Algorithmus: Was, wenn Dein Echo vor Dir spricht?

18. April 2018 von Tatjana Lackner, MBA

Der sympathische Eli Pariser, Autor und Präsident von MoveOn.org, hat in seinem Buch „The Filter Bubble: What the Internet is hiding from you“ schon 2011 darauf hingewiesen, dass jeder von uns beispielsweise auf Google völlig unterschiedliche Suchergebnisse bei ein und demselben Begriff bekommt. In seinem Ted-Talk hat er das nachvollziehbar veranschaulicht. Er bat damals verschiedene Freunde nach dem Begriff „Ägypten“ zu suchen und ihm die Screenshots zu senden. Sein Kumpel Daniel bekam keine Links zu den Protesten in Ägypten, wogegen Scotts Ergebnisse voll waren von genau diesen Informationen rund um die Aufstände.

Klar ist heute, dass digitaler Lobbyismus nicht nur für Google und Facebook gilt, sondern sich durch das gesamte Internet erstreckt. Wenn 80 Prozent unserer Weltsicht manipuliert oder feiner ausgedrückt „personifiziert“ ist, dann führt das unweigerlich in eine Filterblase.

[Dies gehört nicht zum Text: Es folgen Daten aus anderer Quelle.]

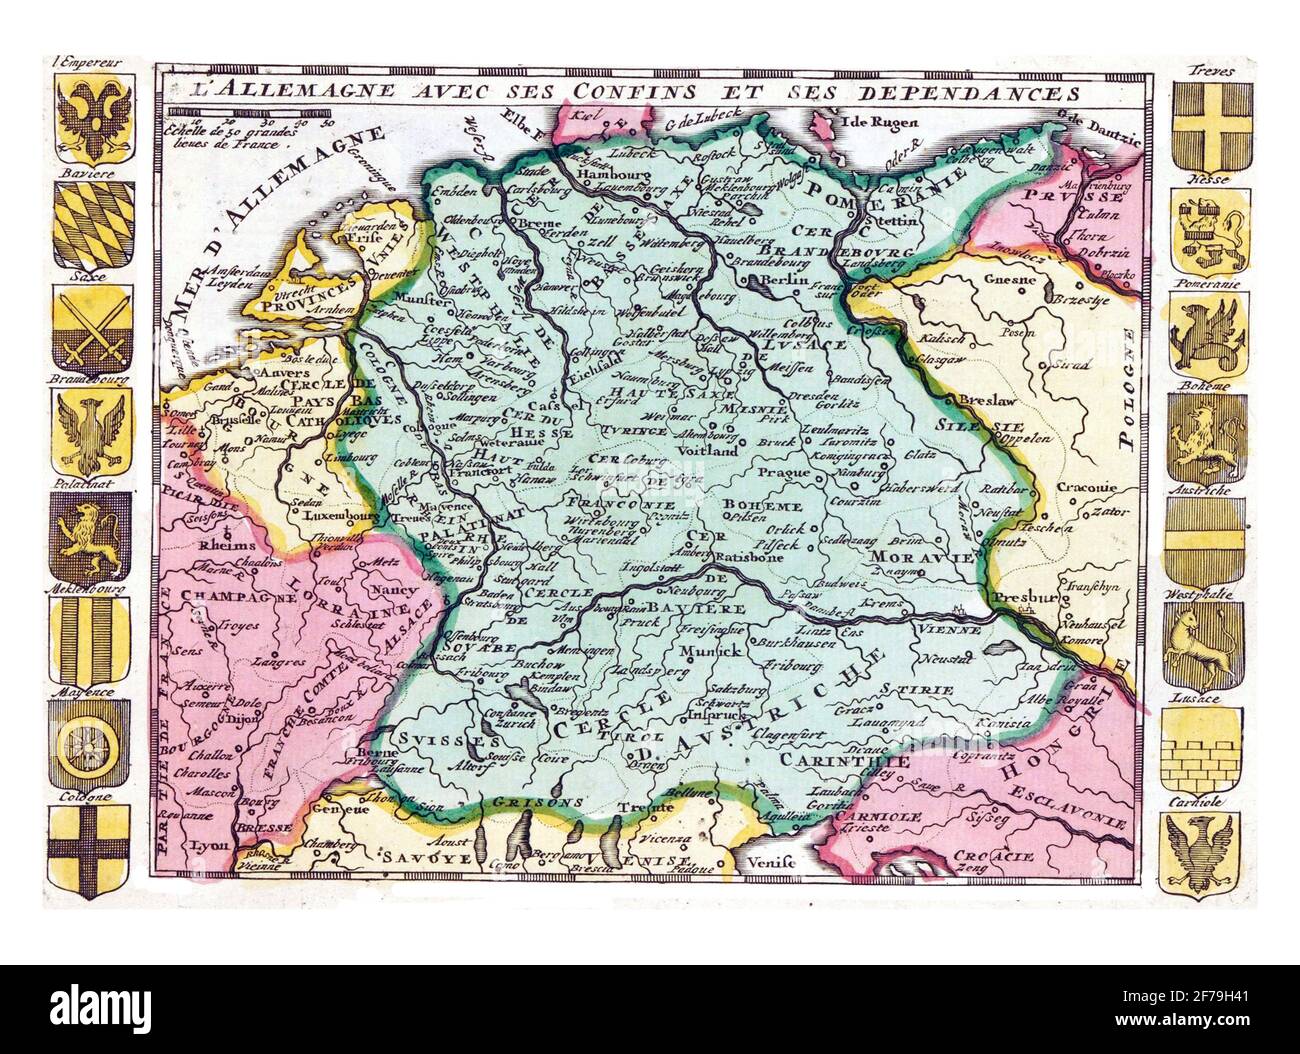 Map of Germany, vintage engraving. Stock Photo

Ein Algorithmus ist niemals neutral

In der Kommunikation spielt der diesbezügliche Echokammer-Effekt eine wichtige Rolle. Darunter versteht man Menschen, die durch digitale Bestätigung und vorgefilterte, personalisierte Weltbetrachtung zu ihren Meinungen gelangen. Die Gefahr, wenn wir, dank Algorithmus, online Recht bekommen und analog scheitern, gefährdet nicht nur die Demokratie, sondern vor allem unser tägliches Miteinander. Wenn dann physische Einschränkungen, Schmerzen und verhärtete Lebensumstände dazu kommen, verengt sich unsere Weltsicht.

Nicht einmal beim Arzt fühlen wir uns dann verstanden. Dort wird die Zeit der persönlichen Ansprache knapper. Der volle Warteraum hofft auf flotte Diagnosen vom Arzt und gestrichene Small-Talk-Passagen von Seiten des Patienten im Behandlungsraum. Laut APA nutzen ebenfalls knapp 80% der Österreicher das Internet regelmäßig. Patienten suchen nach Antworten zu auftretenden Symptomen, nach Medikamenten und ihren Nebenwirkungen und ganz häufig auch nach Erläuterungen zu ärztlichen Befunden. Immer wieder geben sie an, dass sie sich nach einer gestellten Diagnose nicht optimal betreut gefühlt haben.

Bestätigung aus dem Netz

Auffallend ist zudem, dass seit einigen Jahren sowohl im öffentlich geführten politischen Diskurs, aber auch in den privaten Haushalten die Grabenbrüche zwischen Linken und Rechten, Alten und Jungen, Männern und Frauen, etc. eine Renaissance erleben. Dabei weht ein rauer Wind durch die Behauptungen und Standpunkte. Viele überzeugte Gemüter halten flammende Reden und deklarieren sich als Wutbürger. Jugendliche sind heute zwar politisch nicht zwingend interessierter, aber viele klingen deutlich überzeugter von der eigenen Meinung als früher. Komisch, denn Ende des letzten Millenniums waren sich viele Teenager oftmals gar nicht so sicher, ob ihre Argumente das Gelbe vom Ei sind. Hat die wesentlich überzeugtere Attitüde weniger mit einer qualifizierten Haltung oder der Rückendeckung aus dem Elternhaus zu tun, sondern mit zustimmenden Algorithmen?

Nachdem uns heute die eigene Echokammer, noch bevor wir in den sozialen Medienwald rufen mit vorselektierten Sichtweisen zurückschallt, verlernen wir zusehends den konfrontativen Diskurs zu führen.

Fazit: Wer nur für die Deutsch-Schularbeit lernt, Argumente abzuwägen und Meinungen einander gegenüber zu stellen, der verarmt sprachlich. Im Trainingsalltag beobachte ich, dass „sich eine Meinung zu bilden“ für viele harte Denkarbeit bedeutet. Selten recherchieren die Menschen Argumente. Sie finden Meinungen. Wie praktisch, denn beide wurden schon für ihre Suche von Algorithmen bereits aufbereitet. Viele öffentliche Sendeanstalten sind gefärbt und Zeitungen bedienen verschiedene Zielgruppen. Aber sie sind nicht „personalisiert“, was manchmal ein Segen ist.